3. Wie viel Olivenöl konsumieren wir?
Jeder Bürger Spaniens verbraucht pro Jahr etwa 12,5 Liter Olivenöl (Stand 2020/2021). Damit sind die Iberer führend was den Pro-Kopf-Verbrauch des flüssigen Goldes angeht. Sie haben den langjährigen Spitzenreiter Griechenland abgelöst, das nun mit 11,3 Litern auf Platz 2 rangiert, gefolgt von Italien mit 7,7 Litern.
Im Jahr 2004 sah das noch ganz anders aus: Griechenland, damals mit ca. 28 Litern allein auf weiter Flur, gefolgt von Italien mit rund 15 und Spanien mit 14 Litern pro Nase.

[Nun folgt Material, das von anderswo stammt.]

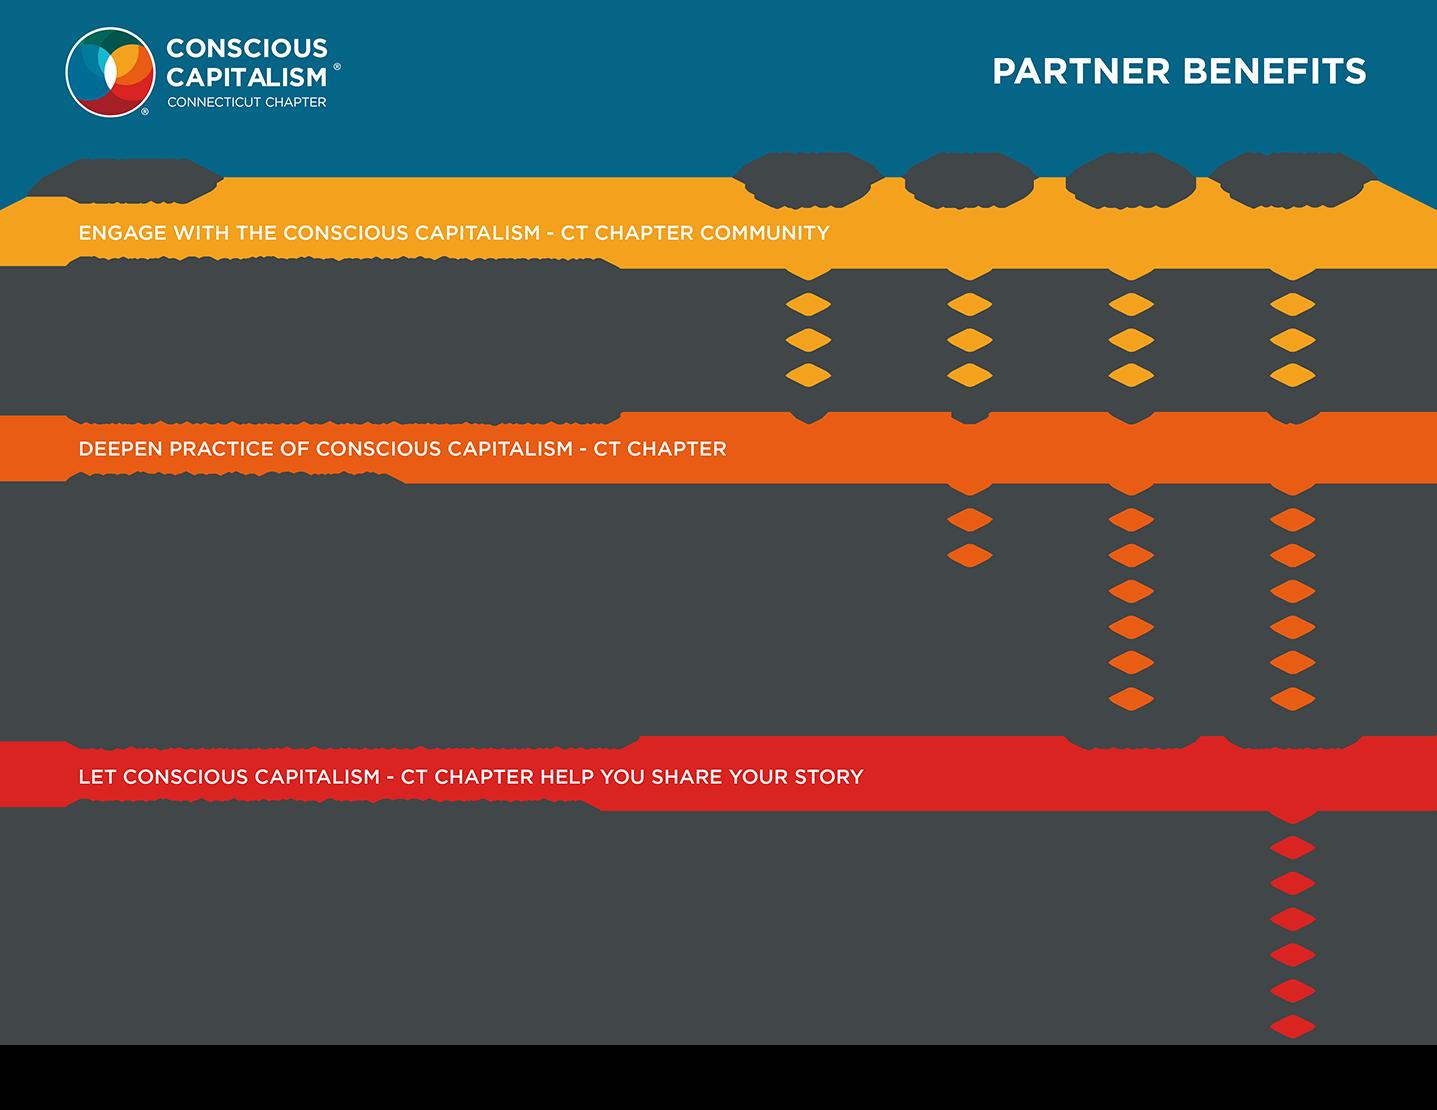 conscious-capitalism-connecituct-chapter-partner-benefits-sheet

Die mediterrane Diät scheint sich also zu verändern und Olivenöl – ihr integraler Bestandteil – verliert offenbar an Bedeutung.
Auch in Syrien, Portugal und Marokko wird viel mit Olivenöl gekocht. In Österreich und Deutschland verbraucht der Durchschnittsbürger seit Jahren konstant etwa einen Liter Olivenöl pro Saison. Hier herrscht also Nachholbedarf! In der Schweiz sind es immerhin 2,3 Liter.
4. Die 8 Güteklassen von Olivenöl
Die Europäische Union schreibt per Verordnung vor, in welche Qualitätskategorien Olivenöl einzustufen ist. Es gibt insgesamt 8 Kategorien, von denen die ersten drei die sogenannten "nativen Olivenöle" beschreiben.
4.1.1. Natives Olivenöl extra
Muss direkt aus Oliven und ausschließlich mit mechanischen Verfahren ohne Wärmeeinwirkung gewonnenwerden. Der Gehalt an Freien Fettsäuren (siehe 5.2. Freie Fettsäuren) muss kleiner gleich 0,8 % betragen. Peroxidzahl ≤ 20 meq O2/kg (siehe 5.3. Peroxidzahl). Das Öl darf keine sensorischen Fehler (siehe 8.2./8.3. Negative Attribute) aufweisen und ist für den Verzehr geeignet. Höchste Qualitätsklasse! Alternative Begriffe: Extra Virgin (englisch), Vierge Extra (französisch), Extra Vergine (italienisch), Virgen Extra (spanisch), Extra Virgem (portugiesisch).
4.1.2. Natives Olivenöl
Herstellung wie bei nativem Olivenöl extra. Der Säuregrad darf ≤ 2 % betragen und leichte sensorische Fehler sind erlaubt, Peroxidzahl ≤ 20 meq O2/kg. Ebenfalls für den Verzehr geeignet.
4.1.3. Lampantöl
Native Olivenöle mit einem Säuregehalt über 2 % und deutlichen sensorischen Fehlern dürfen nicht an Verbraucher abgegeben und müssen raffiniert werden.
4.1.4. Raffiniertes Olivenöl
Aus nativem Olivenöl durch Raffinieren (Entfernen unerwünschter Fettbegleitstoffe durch Entschleimen, Bleichen, Desodorieren, etc.) gewonnenes Öl mit einem Gehalt an freien Fettsäuren von maximal 0,3 %. Geschmack- und geruchlos. Darf nicht an Konsumenten abgegeben, sondern muss zu „Olivenöl“ (Kategorie 5) verarbeitet werden.
4.1.5. Olivenöl
"Olivenöl" ist ein Verschnitt von raffiniertem Olivenöl (Kategorie 4) mit nativen Olivenölen (Kat. 1 + 2). Freie Fettsäuren höchstens 1 %. Das Mischverhältnis ist beliebig, muss nicht deklariert werden und kann 1 - 99 % betragen!
4.1.6. Rohes Oliventresteröl
Als Trester werden Rückstände wie Kerne, Schalen und Fruchtfleischreste bezeichnet, die nach der Pressung bzw. Extraktion übrig bleiben. Daraus wird mit Hilfe von Lösungsmitteln (Hexan) das restliche Öl extrahiert. Dieses Öl ist zum Verzehr nicht geeignet, darf nicht an Konsumenten abgegeben werden und muss zu „Raffiniertem Oliventresteröl“ (Kat. 7) verarbeitet werden.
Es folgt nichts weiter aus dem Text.